Champions
- World Drivers' Champion: Ari Vatanen
- World Manufacturers' Champion: Talbot

Seasons
- ← 19801982 →

= 1981 World Rally Championship =

9th season of the World Rally Championship series

The 1981 World Rally Championship was the ninth season of the Fédération Internationale de l'Automobile (FIA) World Rally Championship (WRC). The season consisted of 12 rallies. While this number was the same as the previous year, one change was made to the schedule, replacing New Zealand with the Brazil.

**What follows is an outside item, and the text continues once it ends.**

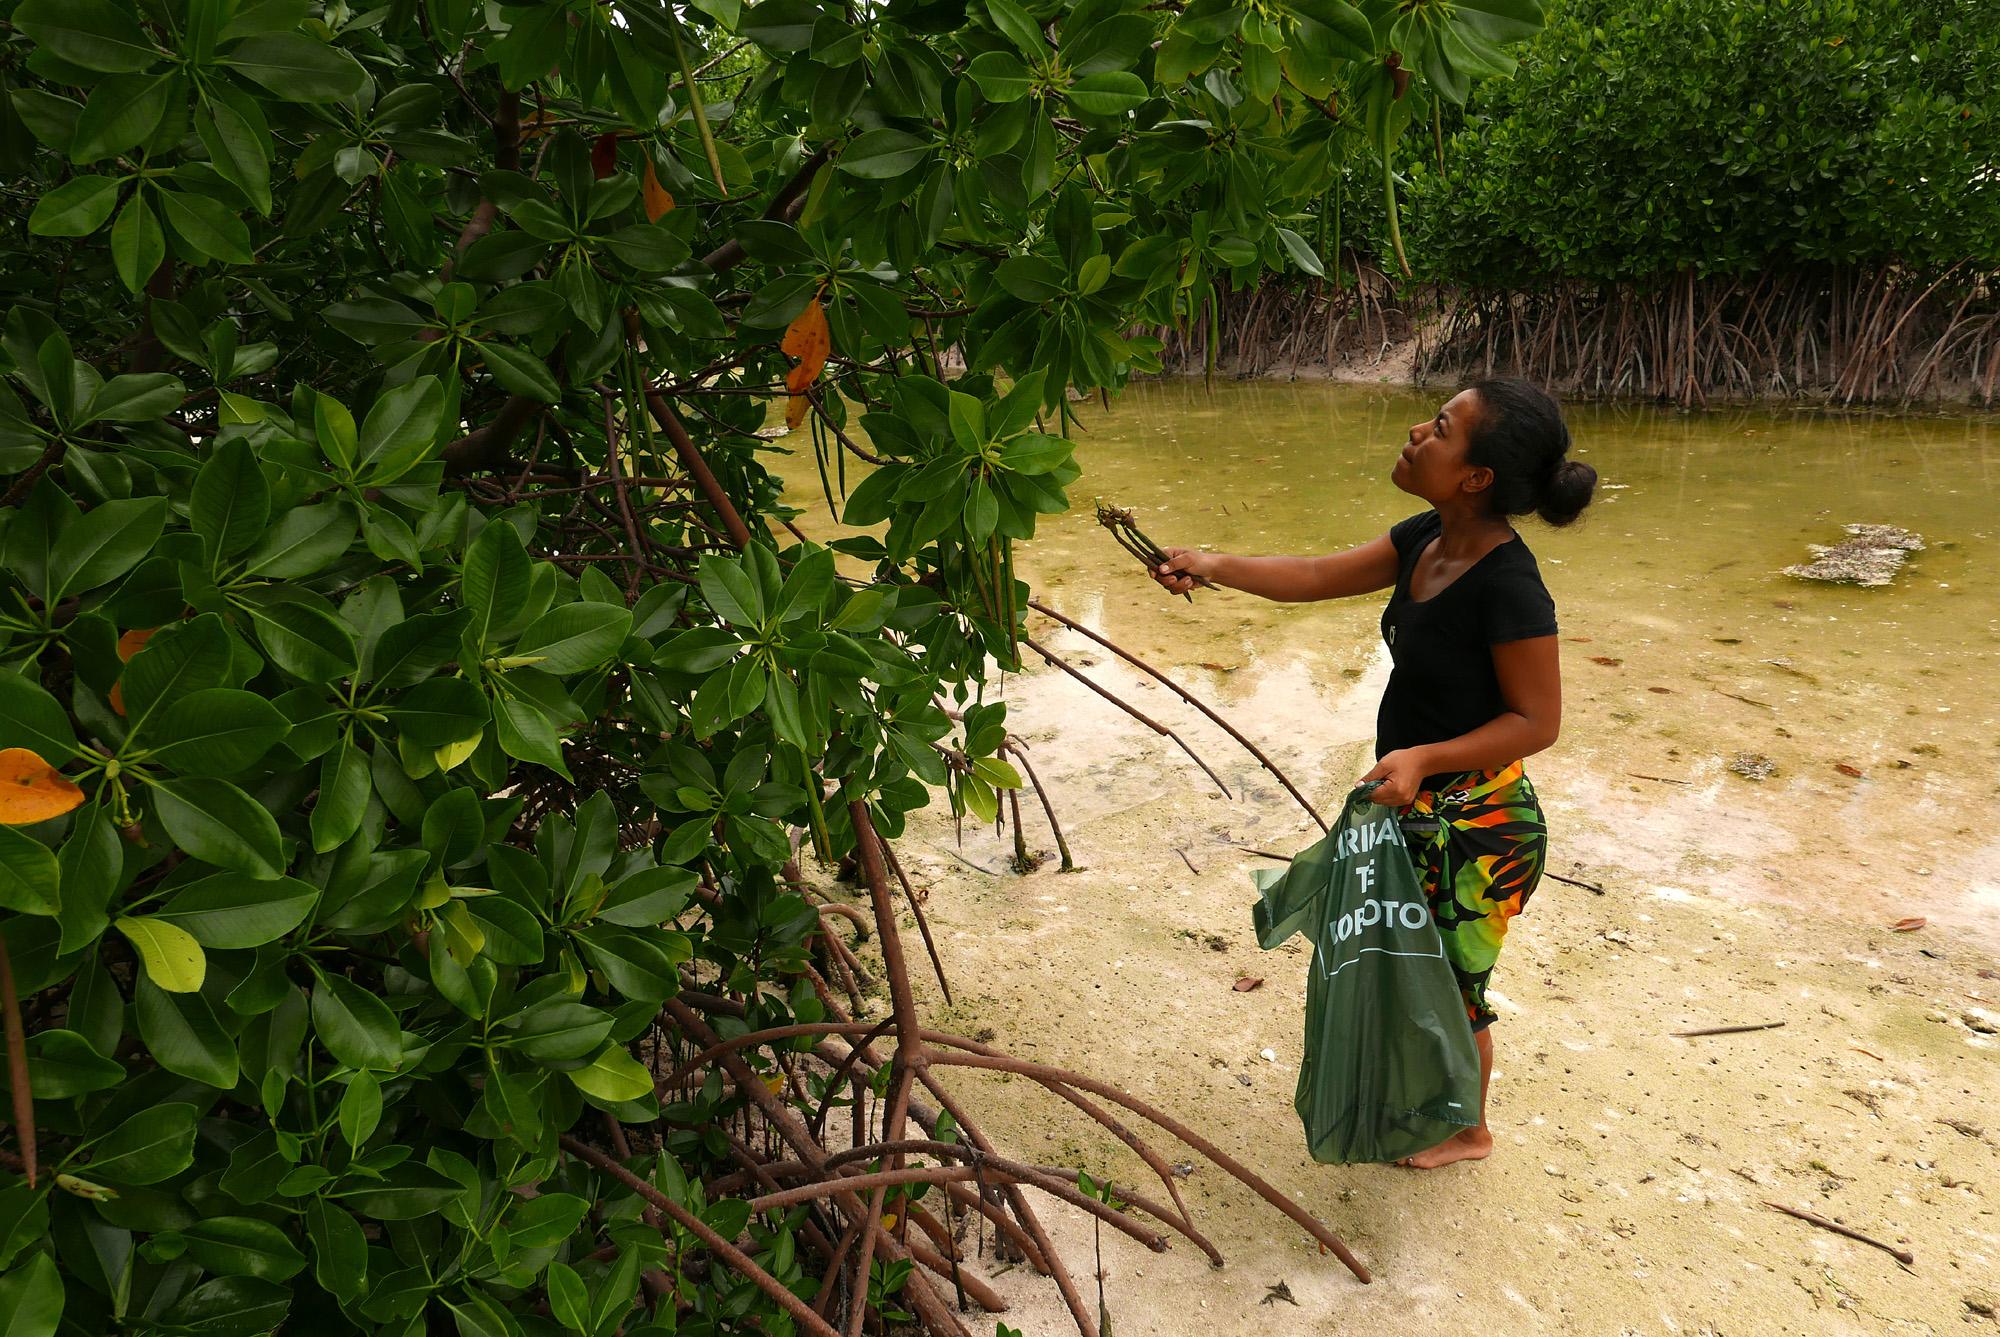 Tinaai Teaua picking mangrove seedlings to be planted in Kiribati. Photo by Kennedy Warne.

The 1981 World Rally Championship for Drivers was won by Ari Vatanen driving a Rothmans Rally Team Ford Escort RS1800, the only time a privateer team has won the Drivers' Championship until 2017. The Makes' Championship was won by Talbot with their Sunbeam Lotus. It also saw the beginning of a new era in the sport with the arrival of the Audi Quattro, the first four-wheel drive rally car. Initially regarded as too heavy and complex for rally stages, it proved its worth with three wins in its debut season, including a maiden victory for Michèle Mouton at the Rallye Sanremo, the only woman to win a WRC event.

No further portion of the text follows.